**Your objective**
Nothing but the pictures should be dropped; repeat the rest of the data below exactly.

**Dataset excerpt**
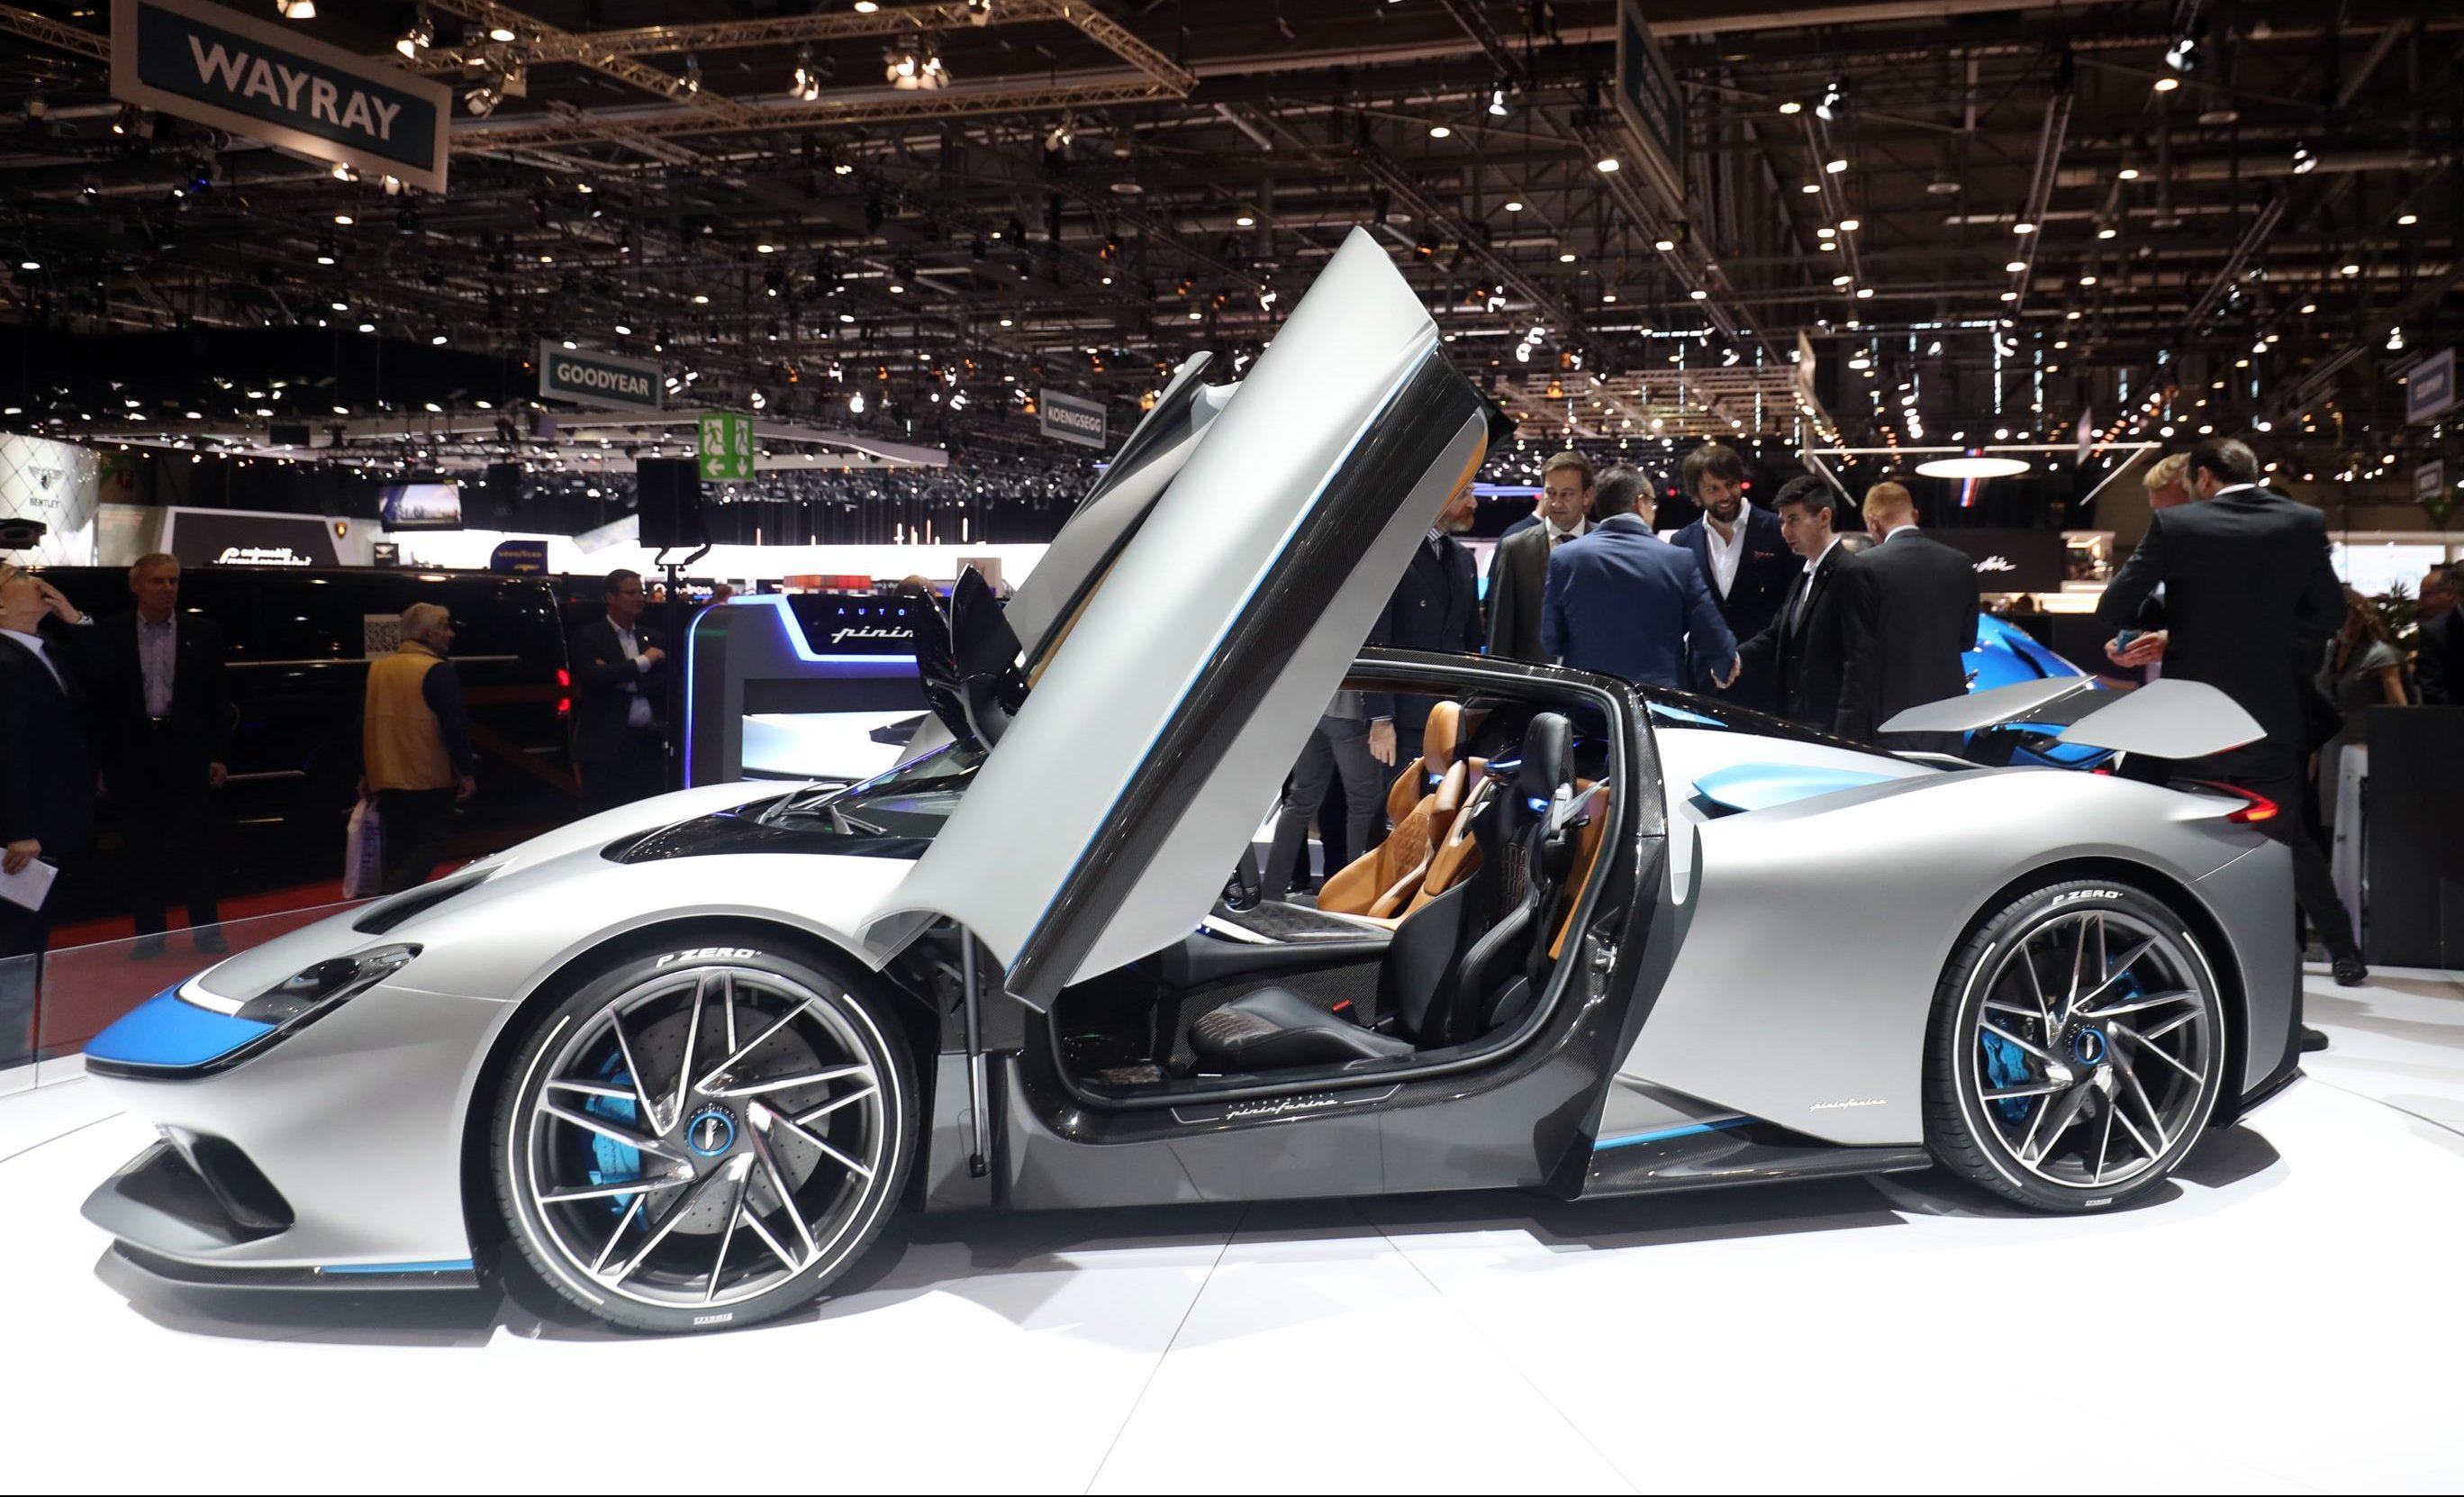 Top 10 craziest, most interesting supercars at 2019 Geneva Motor Show
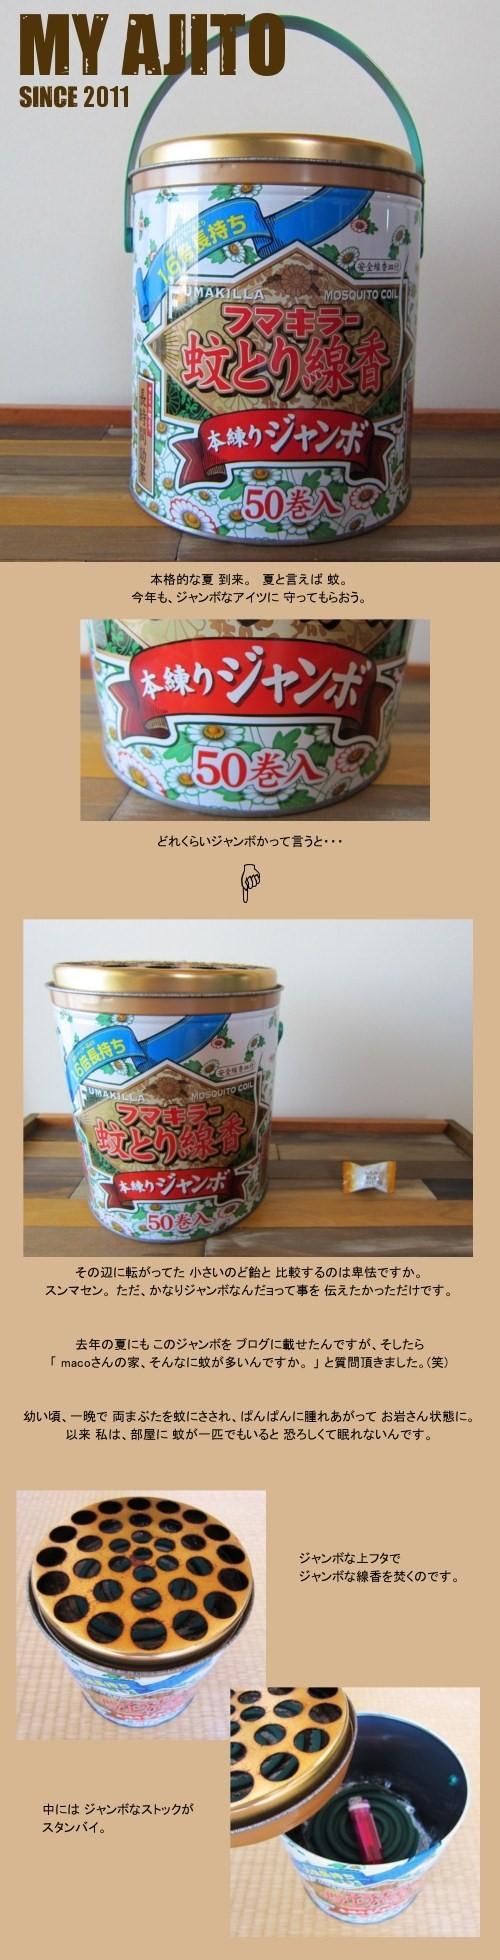 natsu_item_01.jpg
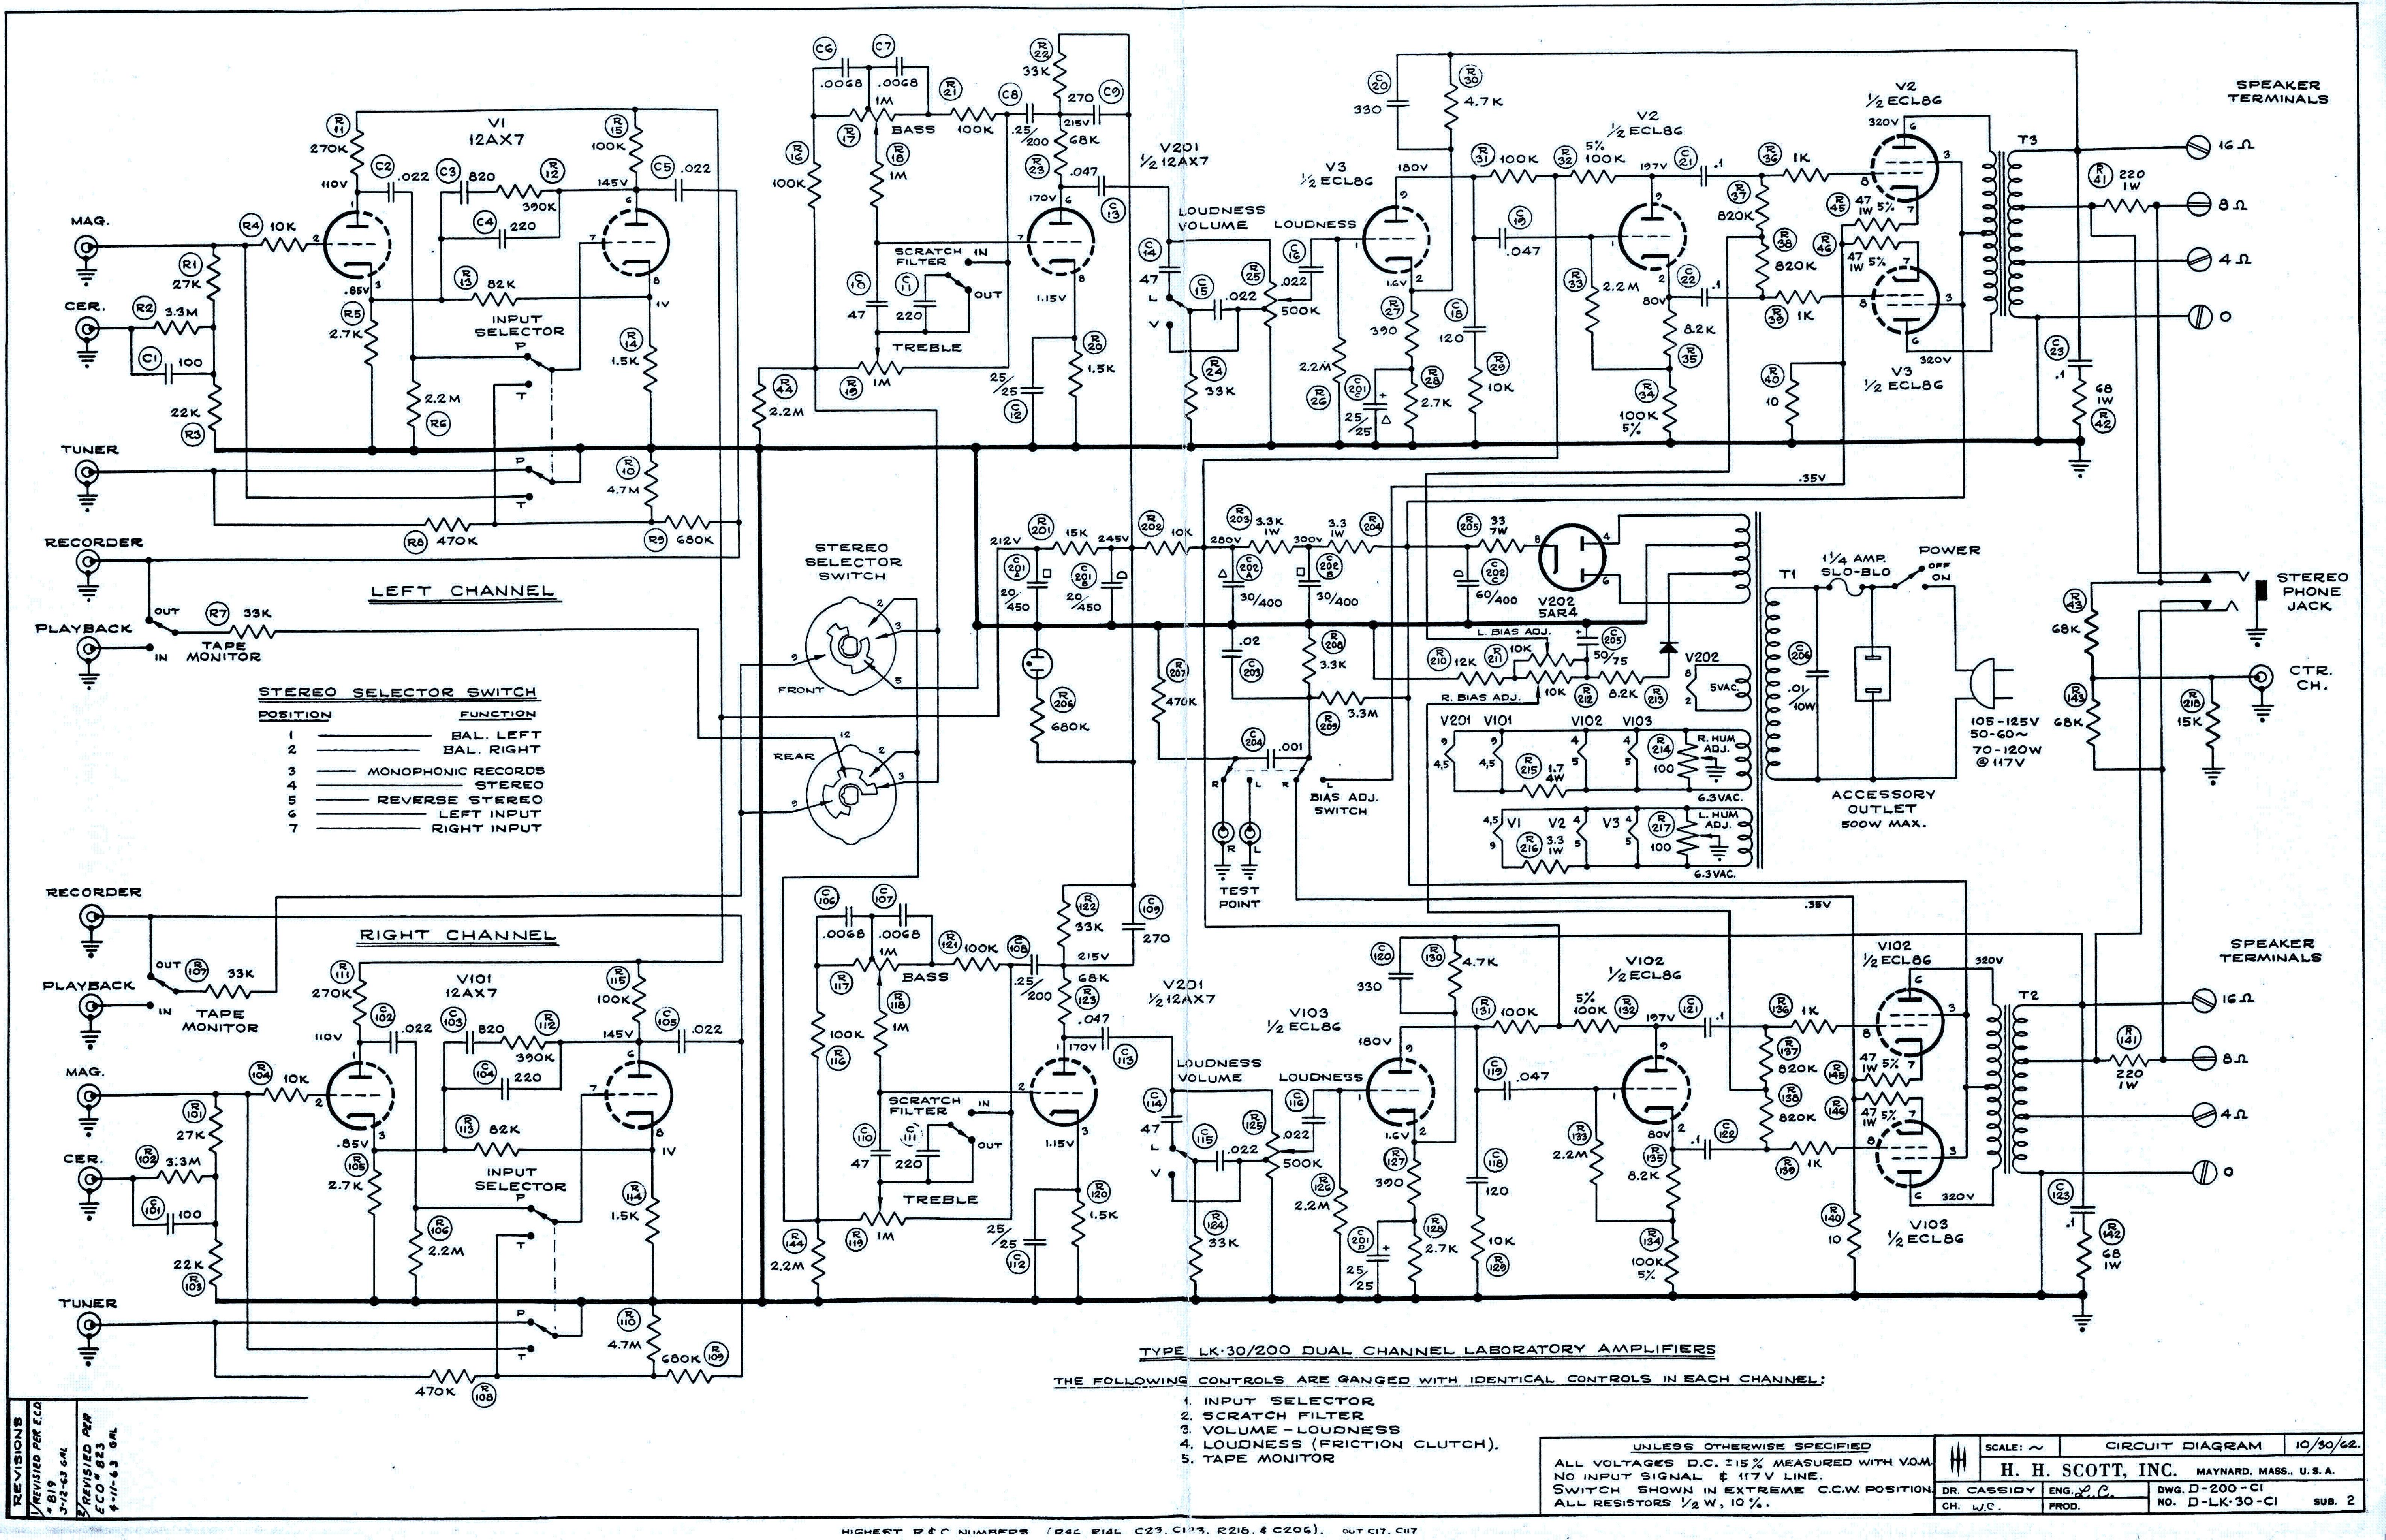 scott 299b sch service manual download schematics eeprom repair rh elektrotanya com Schematic Block Diagram TV Repair Schematic Diagram

**Finished exercise**
 Top 10 craziest, most interesting supercars at 2019 Geneva Motor Show
 natsu_item_01.jpg
 scott 299b sch service manual download schematics eeprom repair rh elektrotanya com Schematic Block Diagram TV Repair Schematic Diagram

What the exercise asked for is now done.